> WHAT IS NEEDED: Omit the pictures and return every entry exactly as written.
***** LISTED RECORDS
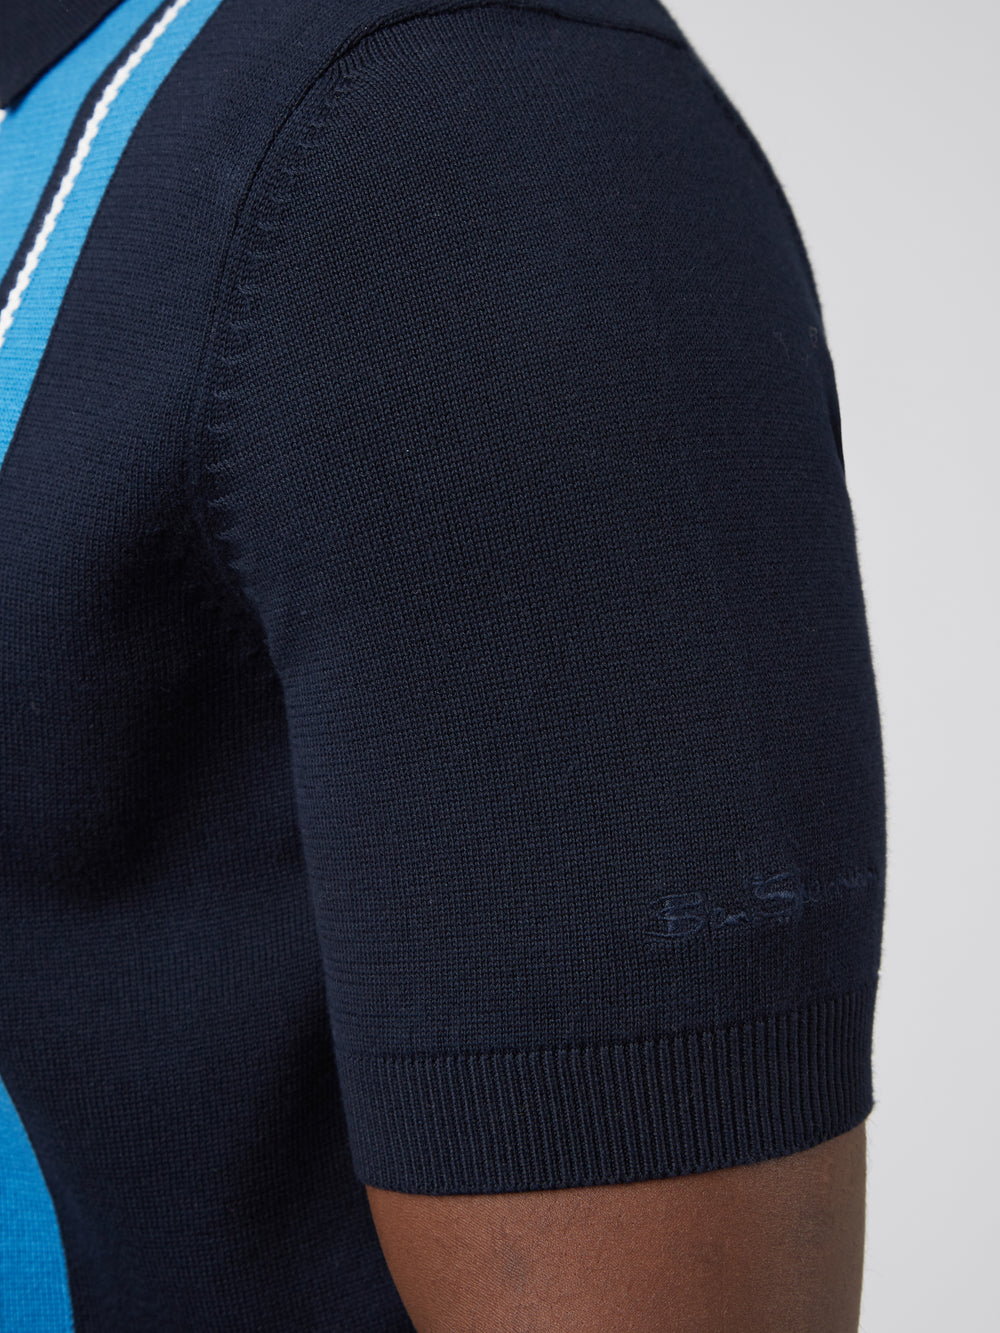 Iconic Vertical Stripe Mod Knit Polo - Dark Navy - Ben Sherman
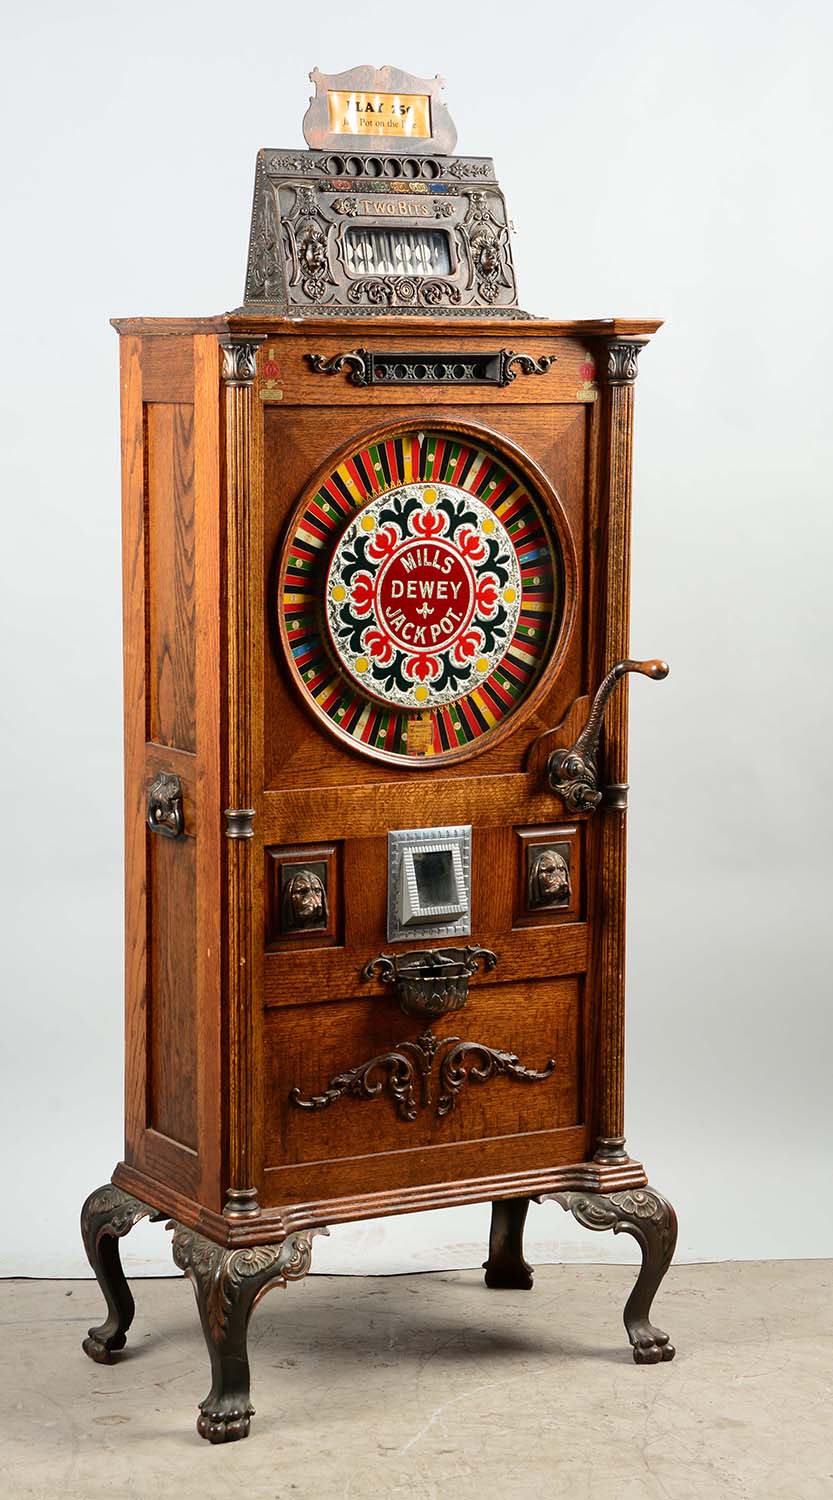 25¢ Mills Dewey Jackpot Upright Slot Machine, Estimated at $18,000-25,000.
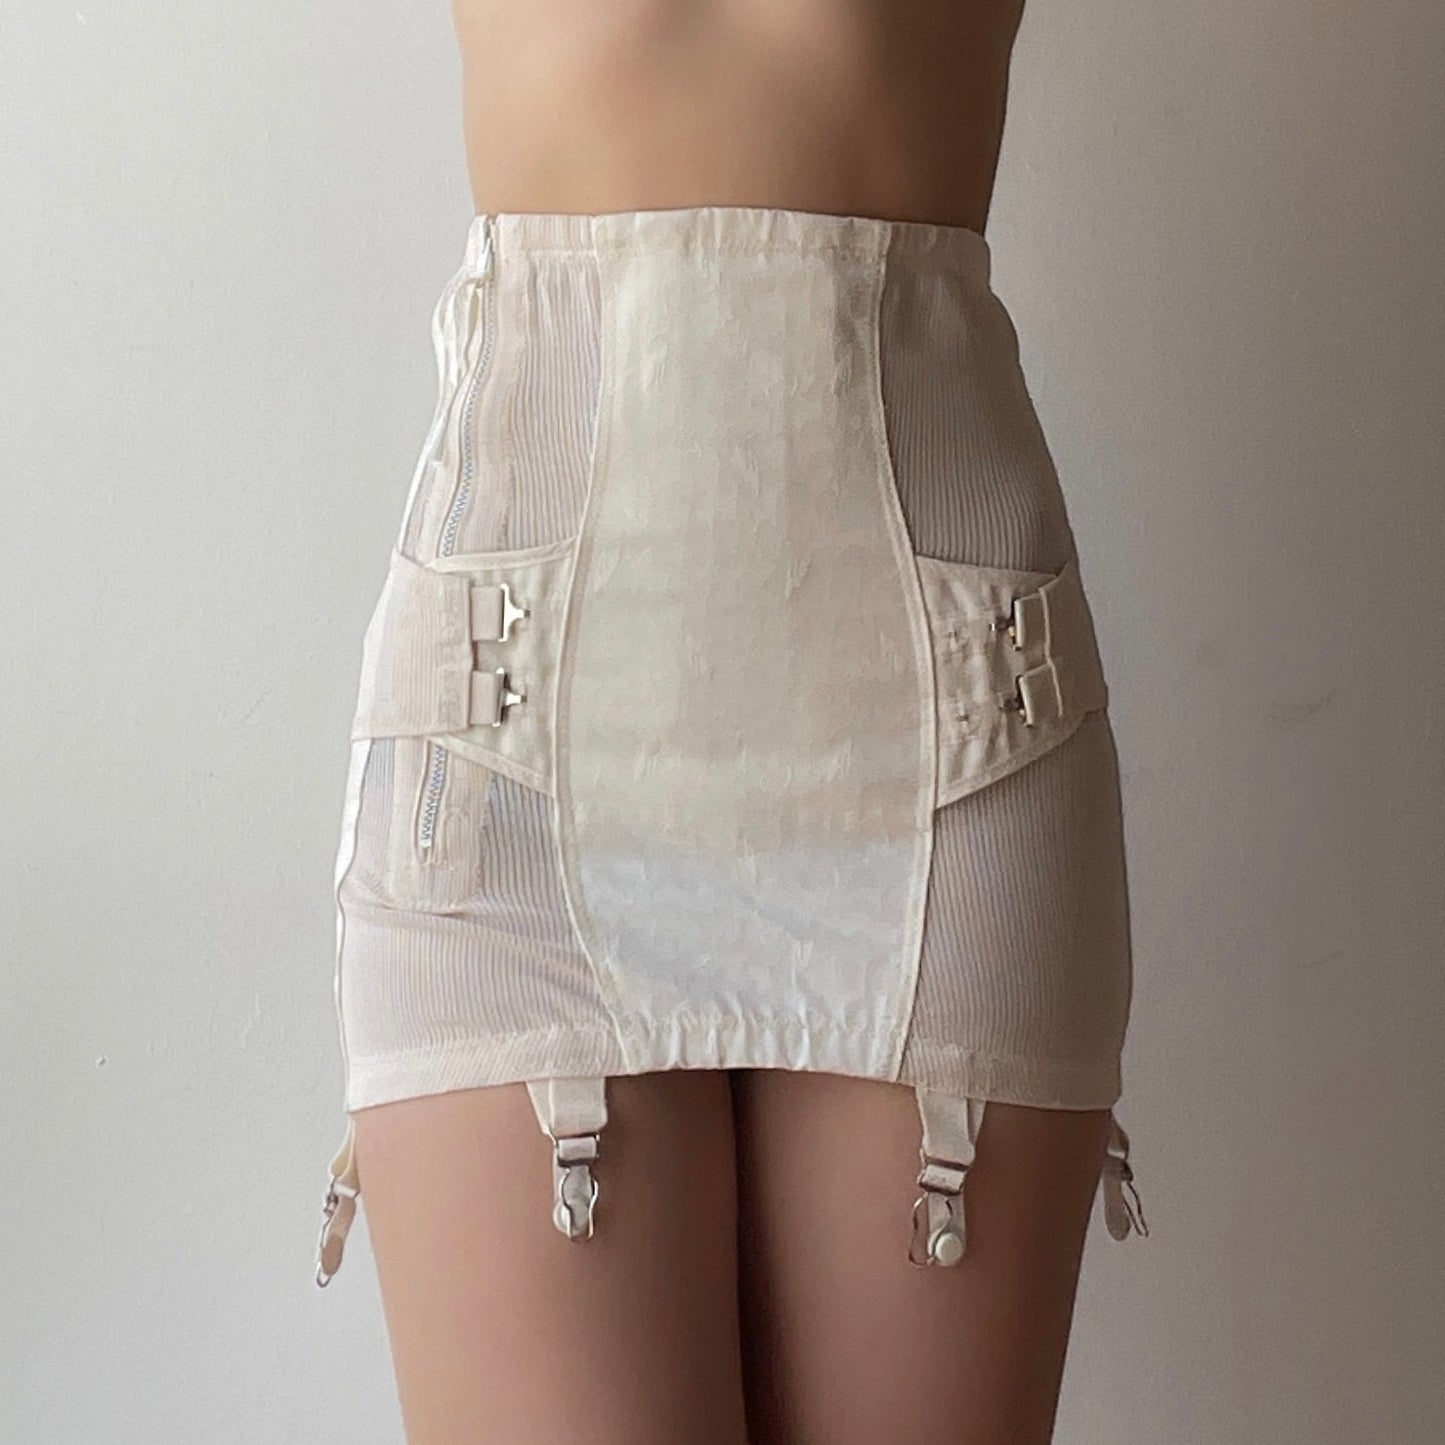 Reworked Vintage Girdle Skirt (M-L)
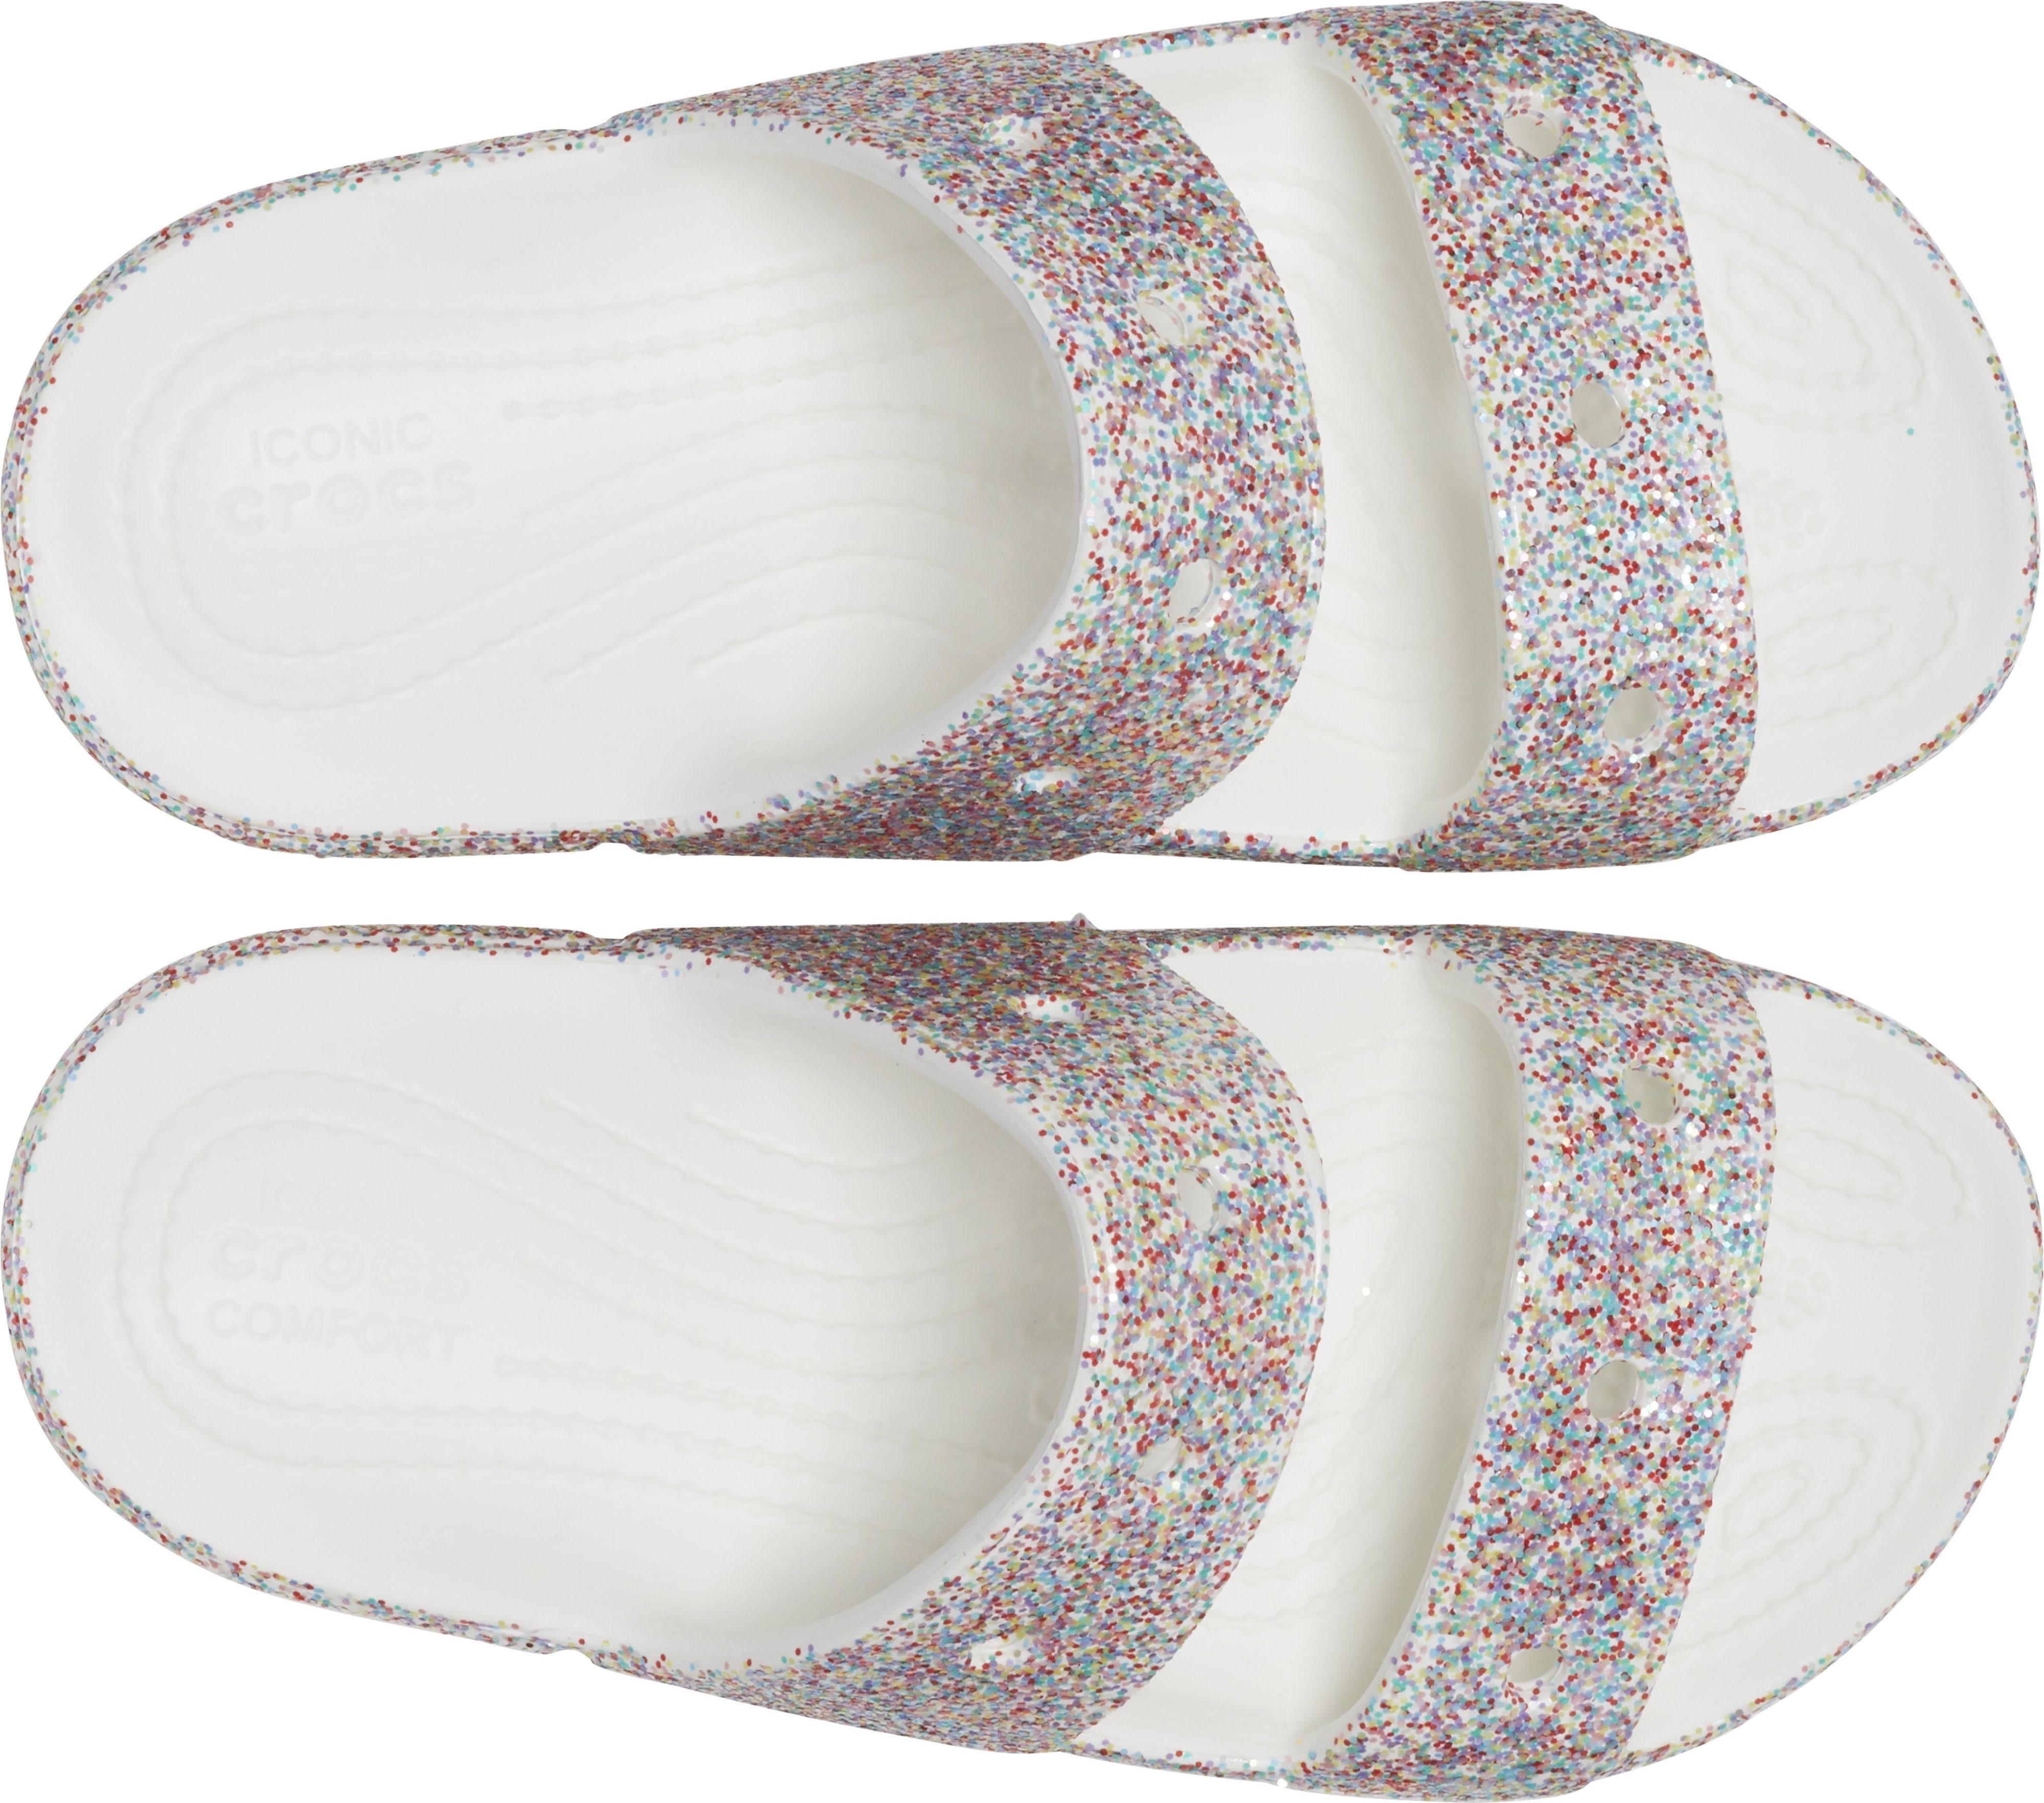 Crocs Classic Sprinkle Glitter Innensohle Sandal K weich Pantolette mit genoppter
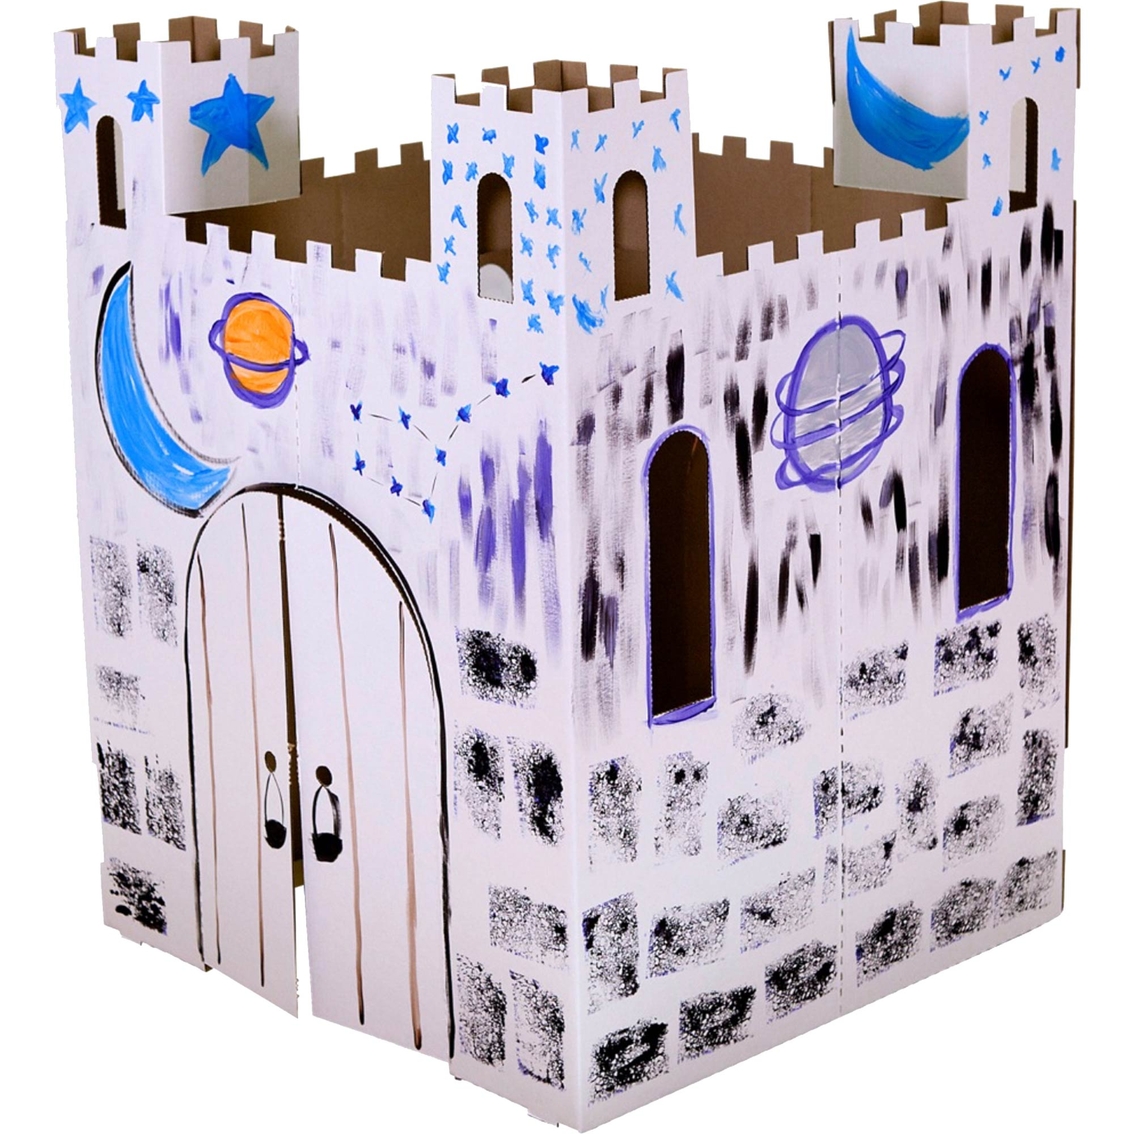 Easy Playhouse Castle Cardboard Playhouse - Image 2 of 3
**********
> TASK RESULT:
 Iconic Vertical Stripe Mod Knit Polo - Dark Navy - Ben Sherman
 25¢ Mills Dewey Jackpot Upright Slot Machine, Estimated at $18,000-25,000.
 Reworked Vintage Girdle Skirt (M-L)
 Crocs Classic Sprinkle Glitter Innensohle Sandal K weich Pantolette mit genoppter
 Easy Playhouse Castle Cardboard Playhouse - Image 2 of 3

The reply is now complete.